Mais, d’autre part, la souricière en question recèle une autre facette, nettement plus savonneuse. Le raisonnement n’est pas « Question : combien de budget devons-nous affecter à la SSI ? Réponse : entre 5 % et 10 % », mais « Question : contre quel risque cyber devons-nous nous protéger ? Réponse : contre les attaques cyber par cryptolocker – Conclusion : alors, il nous faut x % du budget en plus ». On ne met pas un paquet de billets de banque sur la table pour se demander ensuite quoi en faire, on exprime un besoin métier (ici, la sécurité cyber face à une nouvelle classe de risque) et on chiffre ensuite le coût de la réponse à ce nouveau besoin – libre au demandeur initial de financer ou pas, en toute connaissance de cause si la réponse est négative. Je suis fichtre incapable de dire combien une DSI doit dépenser en SSI, par contre je peux lister les contre-mesures à prendre face à un nouveau risque et les chiffrer. Un ingénieur (un expert au sens large) sait chiffrer la réponse à un besoin, un ingénieur ou un expert ne doit surtout pas se demander ce qu’il peut bien faire avec le budget qu’on vient de lui allouer : se laisser entraîner dans cette souricière cognitive, c’est prendre le risque de se voir reprocher un incident IT – ben oui cher monsieur, on vous avait donné des budgets, et vous n’avez pas su bien les utiliser. Accepter les moyens, c’est reconnaître de facto qu’ils suffisent à satisfaire le besoin.
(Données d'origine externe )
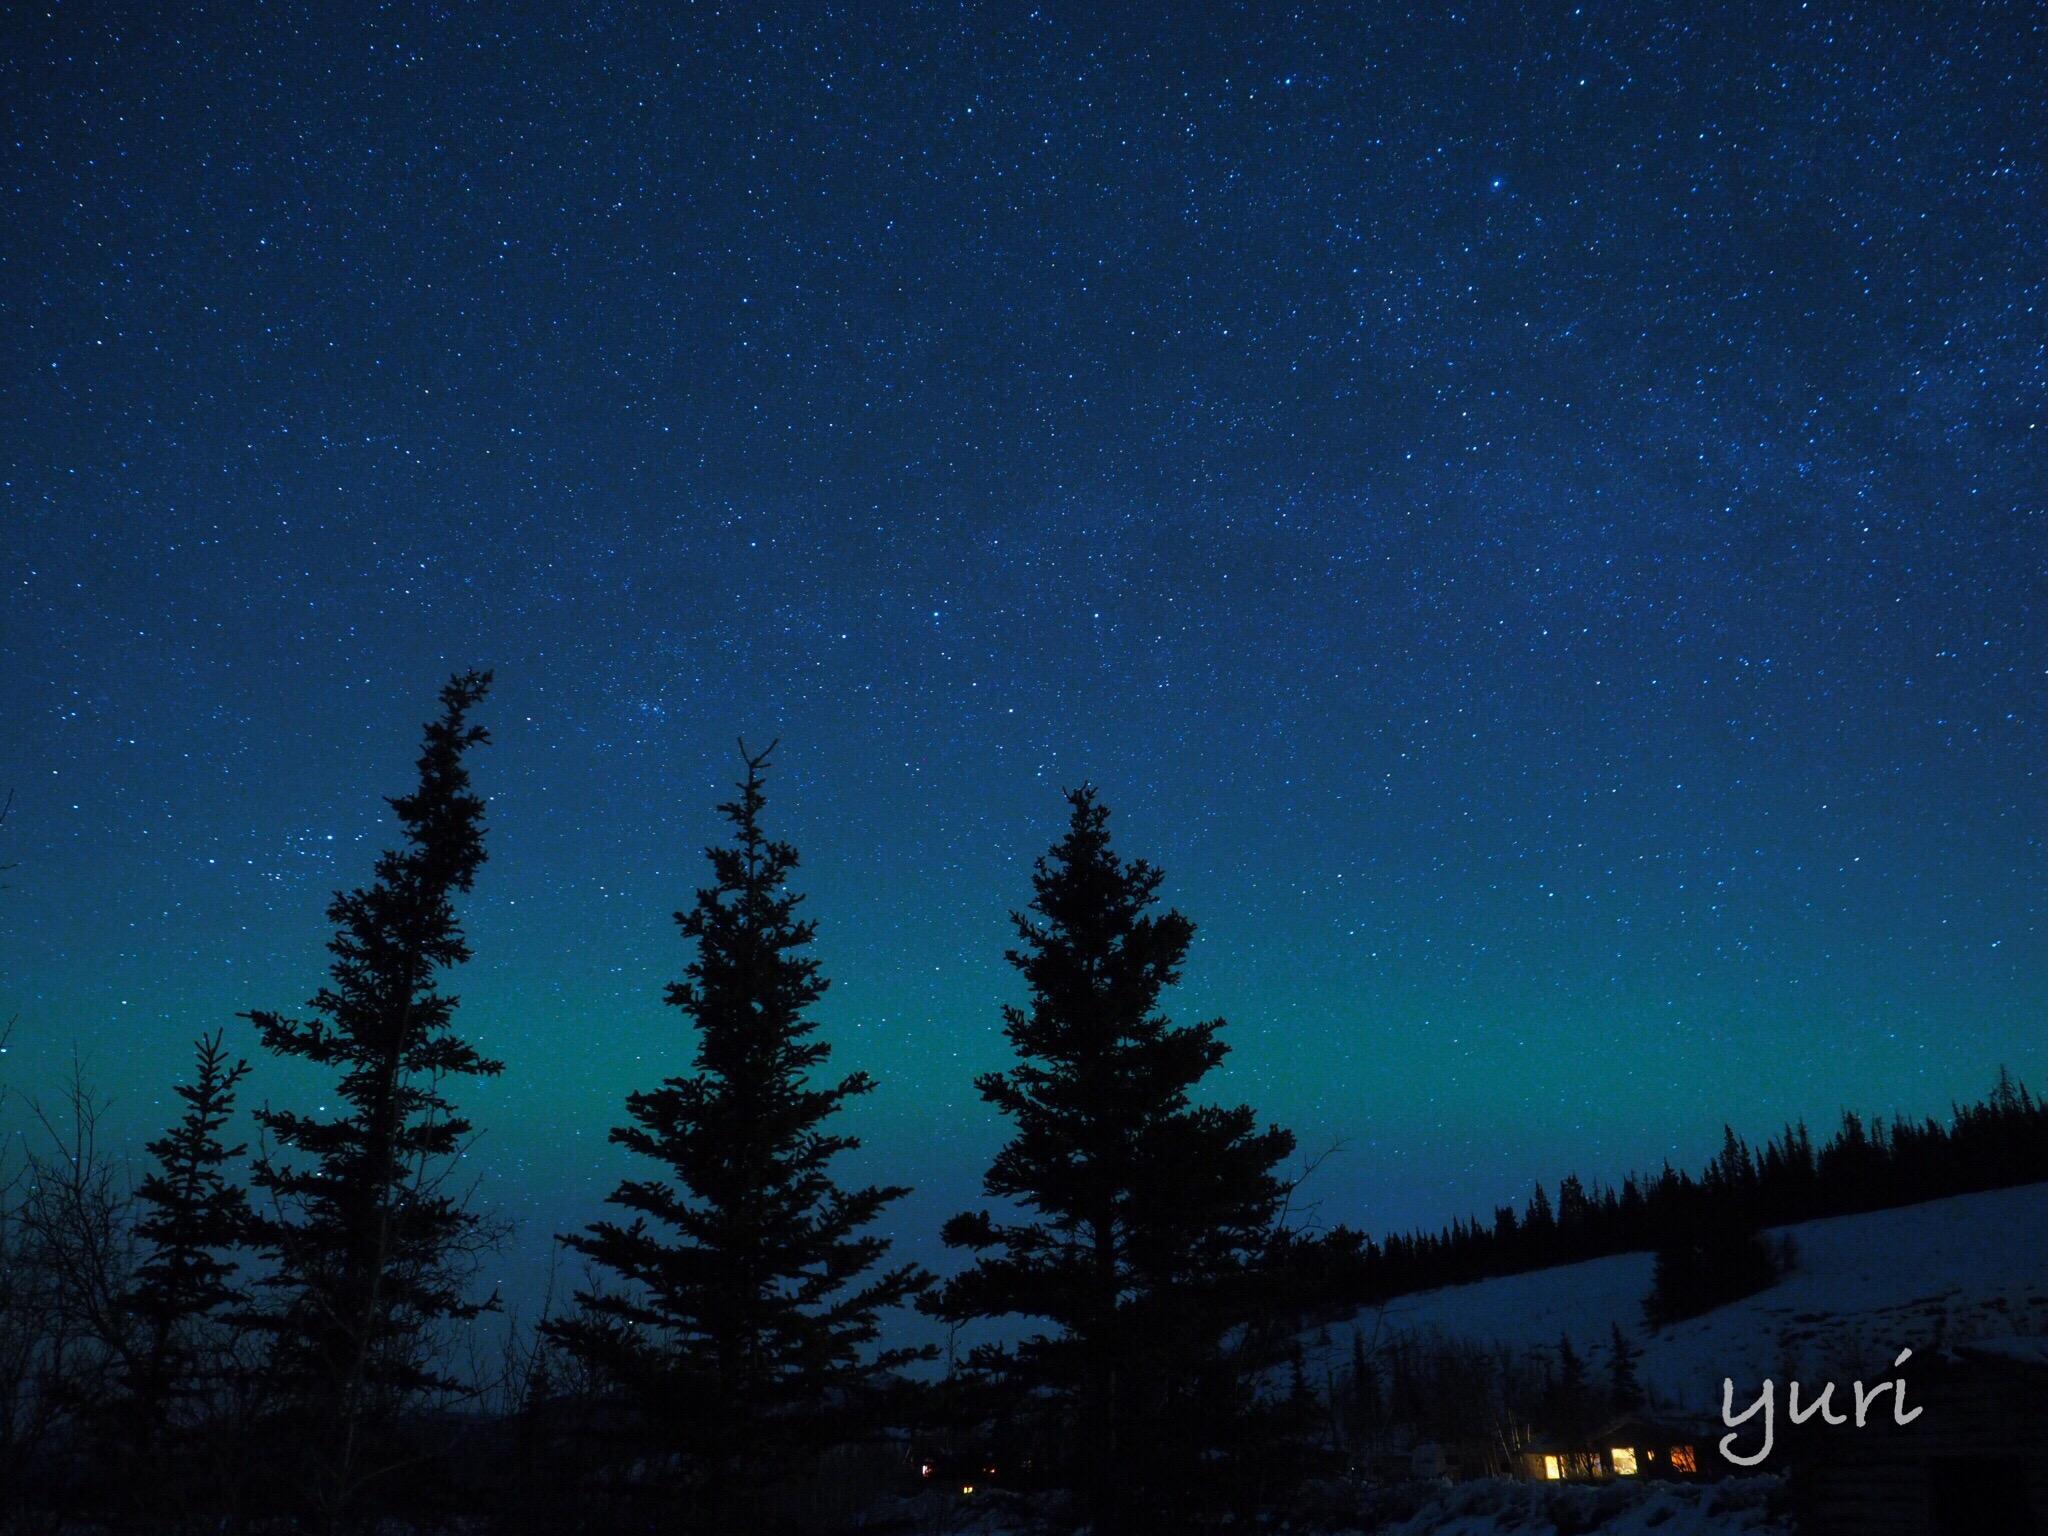 空・オーロラ・星をダイナミックに撮りたいならとりあえず広角を選んでみる

Si la fourchette de 5 % à 10 % précédemment évoquée a des impacts positifs évidents (prise de conscience évoquée plus haut), elle ne sert pas à grand-chose puisqu’il faut partir du besoin pour calculer les moyens, et non l’inverse. À titre personnel, une première estimation – à la louche, mais vraiment à la louche – semble démontrer que, pour prendre en compte a minima ce nouveau risque en plus de la cartographie existante supposée déjà traitée, il faudrait affecter entre 2 % et 3 % des ETP d’une DSI. Et encore, sans parler des acquisitions matérielles ou logicielles additionnelles, des dispositifs de type SOC ou EDR qui font consensus sur les forums de spécialistes, etc. On parle bien de moyens en plus.

Il serait intéressant de pouvoir faire un comparatif avec le coût de sécurisation d’un véhicule, sur une durée de quatre ans par exemple, en incluant l’assurance, l’entretien, le coût des dispositifs de protection tels que les airbags, l’antidémarrage, etc. On dépasse allègrement les 5 % du coût d’acquisition dudit véhicule, et il est clair que le chiffre réel est nettement plus élevé. Et, curieusement, quand on parle de bagnole, personne n’est surpris.

La question des attaques de ransomware ne laisse de toute manière que deux certitudes : c’est une véritable cochonnerie, et la facture va être salée.